Photo: X/@yadavtejashwi.

Tejaswhi had announced that he would give 10 lakh jobs if he was voted to power in 2020. He added credence to his claim after Nitish joined the Mahagathbandhan in August 2022 and Tejaswhi became his deputy by making the CM hand about 4.50 lakh jobs during the seventeen months of their tenure together in office. The mammoth crowd of the youths at his recently concluded Jan Vishwash Yatra that culminated at the Indian National Developmental Inclusive Alliance (INDIA) rally at Patna’s Gandhi Maidan on March 3 amply reflected the hope and excitement of the youths. It might not be easy for Modi who had specifically claimed to give two crore jobs annually at his several meetings in the previous elections to outclass Tejaswhi among the unemployed youths.

Moreover, the opposition might not be as strong in terms of the control over the resources, institutions and media narrative as the BJP is. But it’s not as disarrayed as it was in 2019 either in Bihar or in the rest of the country. While the RJD-Congress-Left has a well-knit alliance in the state, the INDIA bloc has beefed up its strength by striking alliances in Uttar Pradesh, Delhi, Gujarat and Maharashtra.

Kishor versus Tejashwi

Be it because of ‘strategic reasons’ or his genuine feelings, Prashant Kishor whose Jan Suraj Abhiyan is an absentee player in the run-up to the 2024 Lok Sabha polls and focuses on the 2025 assembly elections, dismisses Tejaswhi as a “9th class fail who owes his existence in politics because of his promotion and pampering by his father”.

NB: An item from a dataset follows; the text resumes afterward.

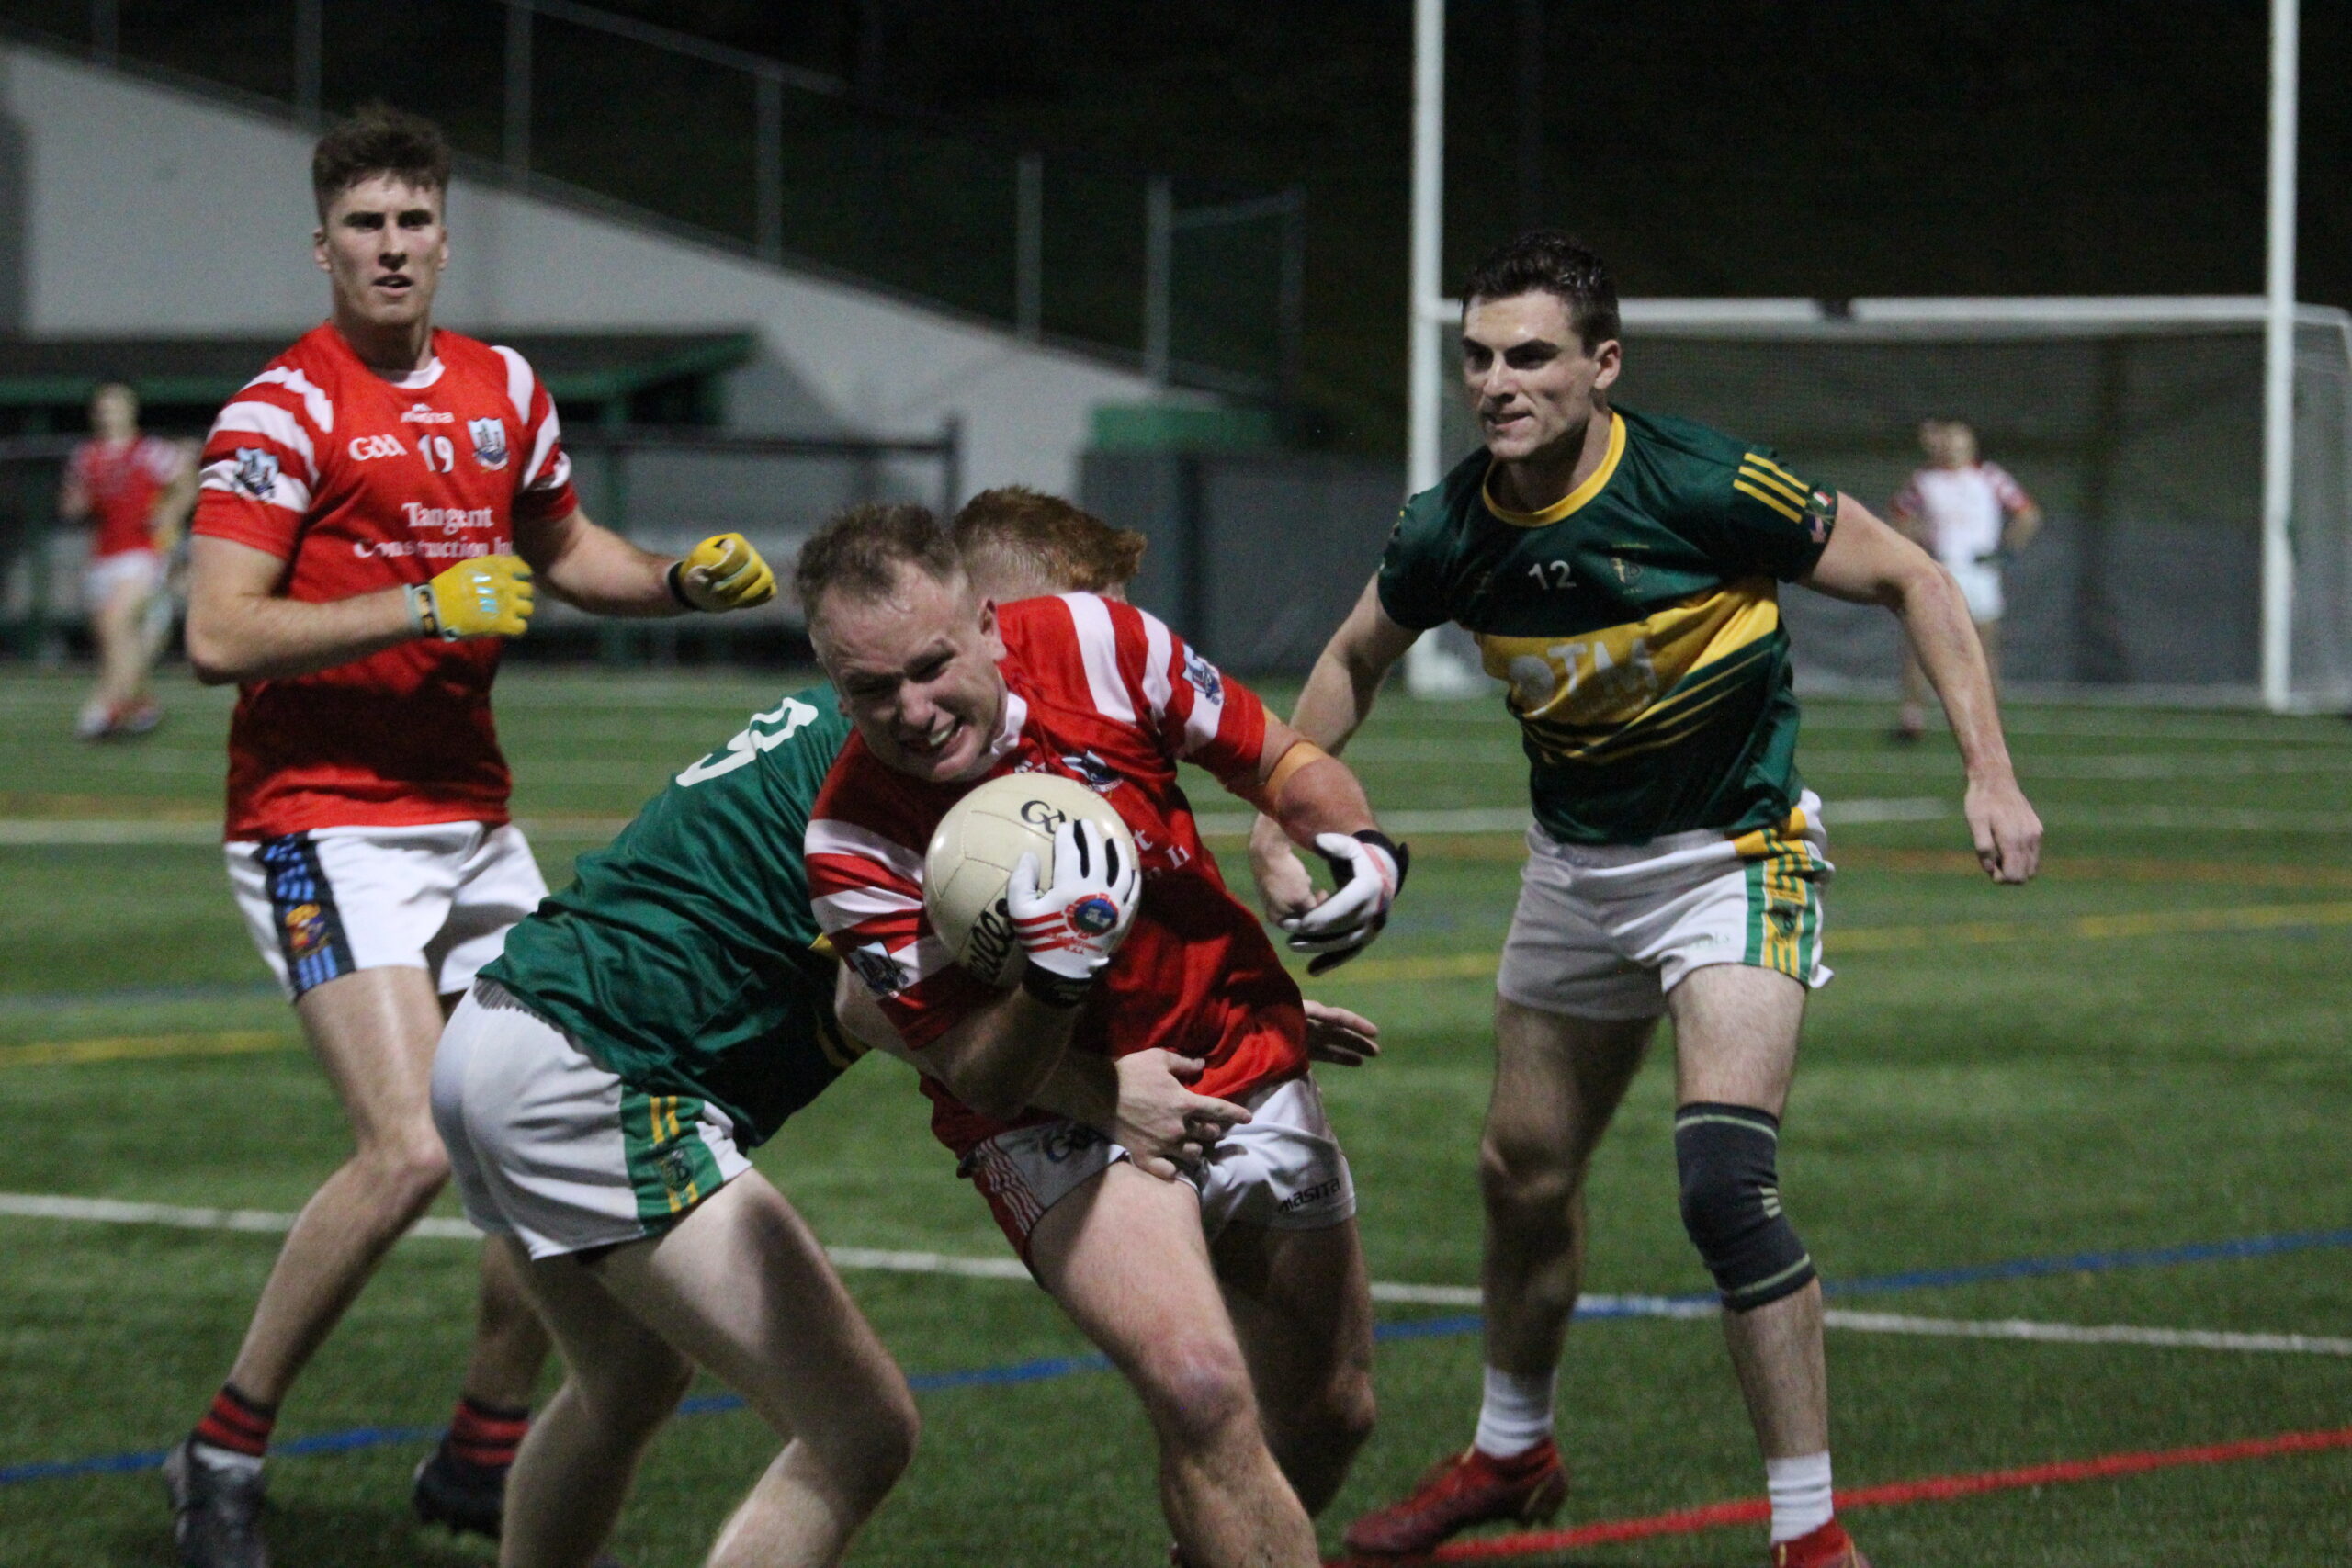 Cork's Niall Judge on the ball (Photo by Sharon Redican)

While Kishor enumerates Modi’s “unmatched” strength in terms of Hindutva, nationalism, welfare-ism and cadre base, he says that Tejaswhi won’t be a factor in 2025 polls because “he has no contributions to show on his own and carries the baggage of ‘jungle raaj’ during his father’s era”.

Will the voters act in the manner Kishore is explaining?

Despite Kishor’s analysis and the BJP’s bravado, one will have to wait for the results of the 2024 Lok Sabha elections and the subsequent assembly elections to figure out the developments post-2019 and how the amorphous voters divided into multiple layers of as diverse a country as India has reacted to ever-evolving socio-political phenomena.

Nalin Verma is a senior journalist, author, media educator, and independent researcher in folklore.